December 8, 2009
BANGKOK (AFP) - Malaysian Prime Minister Najib Razak began his first official visit to Thailand Tuesday, a landmark trip focused on easing tensions in the restive southern border area of the country.
His Thai counterpart, Abhisit Vejjajiva, is due to officially welcome the Malaysia premier to Government House before the two men begin talks in the early afternoon.
Abhisit will host a banquet in Najib's honour on Tuesday evening and on Wednesday the two leaders will travel to Thailand's far south region where a six-year separatist insurgency has claimed more than 4,000 lives.

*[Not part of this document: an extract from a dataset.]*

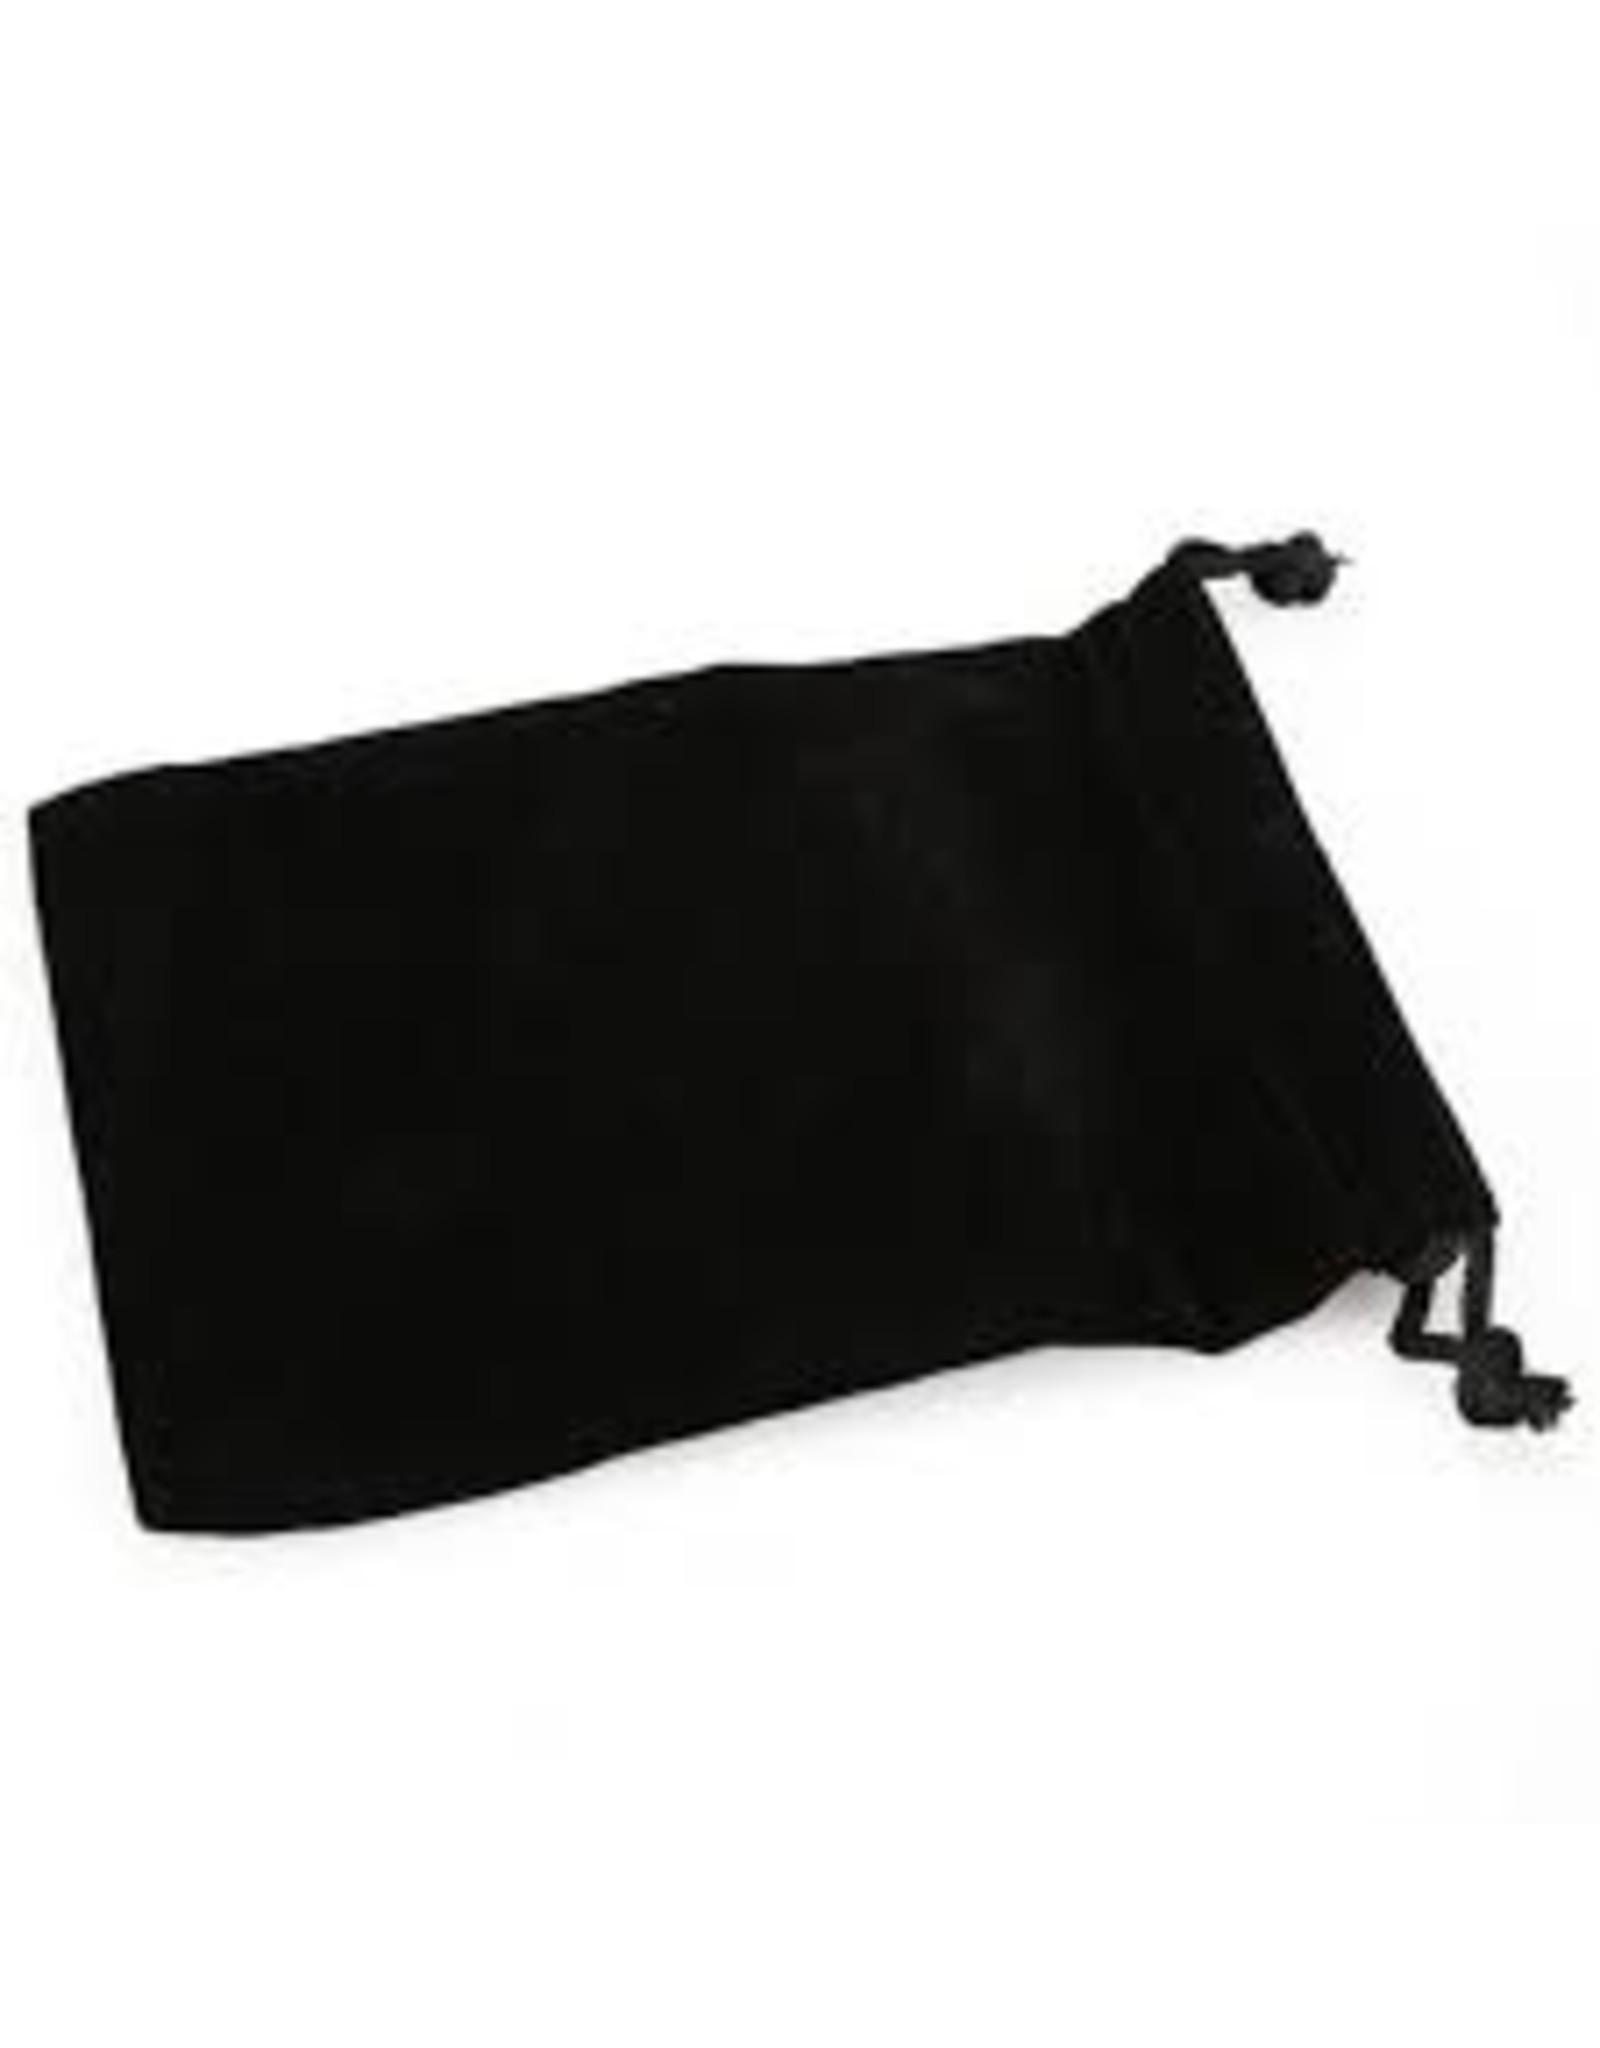 Chessex Suedecloth dice bag,lg black

Abhisit has visited the area once since becoming premier a year ago.
This trip will include visits to two schools, one government-run and one Islamic, and Thailand would like to learn from Malaysia's success with its moderate Muslim education system, said deputy prime minister Suthep Thaugsuban.
"The Malaysian prime minister will visit the southern region tomorrow. Thailand expects cooperation from Malaysia on the success of its bilingual Islamic school system," Suthep told reporters.

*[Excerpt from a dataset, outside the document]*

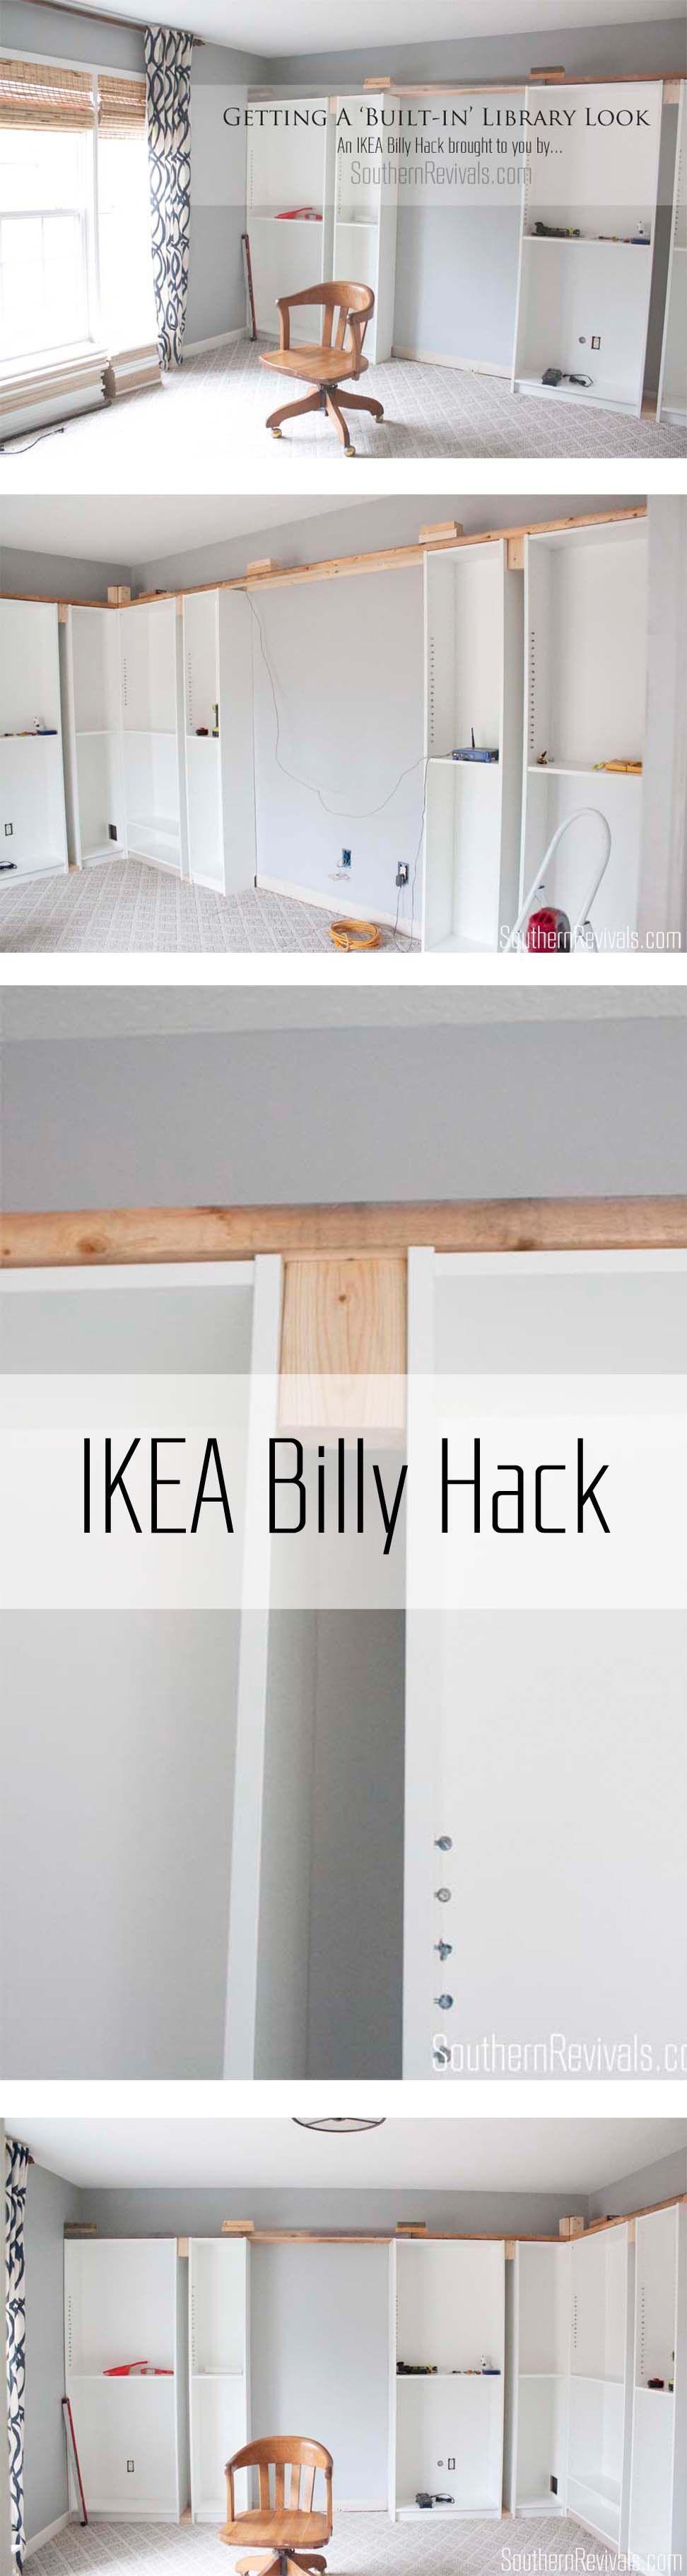 office makeover part 1 building in billy ikea hack diy. Black Bedroom Furniture Sets. Home Design Ideas

Tensions have simmered in the mainly Muslim Thai region, formerly an autonomous Malay Muslim sultanate, since it was annexed in 1902 by mainly Buddhist Thailand. The latest spate of violence erupted in January 2004.
On Monday, a powerful bomb hidden in a motorcycle ripped through a market in Narathiwat province, where the two premiers are scheduled to visit, killing two people and wounding nine others.
Thai army chief General Anupong Paojinda travelled to the region on Sunday to prepare security arrangements for the two leaders.
Najib and Abhisit will fly to Narathiwat on Wednesday, visiting two boarding schools, a handicraft village and a so-called "widow village" that shelters some 140 families affected by the unrest.
They will also attend the renaming of a "friendship bridge" spanning the countries' river border.
Thailand has in the past accused Malaysia of failing to prevent insurgents criss-crossing the porous 650-kilometre (400 mile) border.
But since Najib came to power in April the rhetoric has softened. In October he called on Thailand to offer "some form" of autonomy to the restive region, a proposal backed by Abhisit, who called it the "right approach".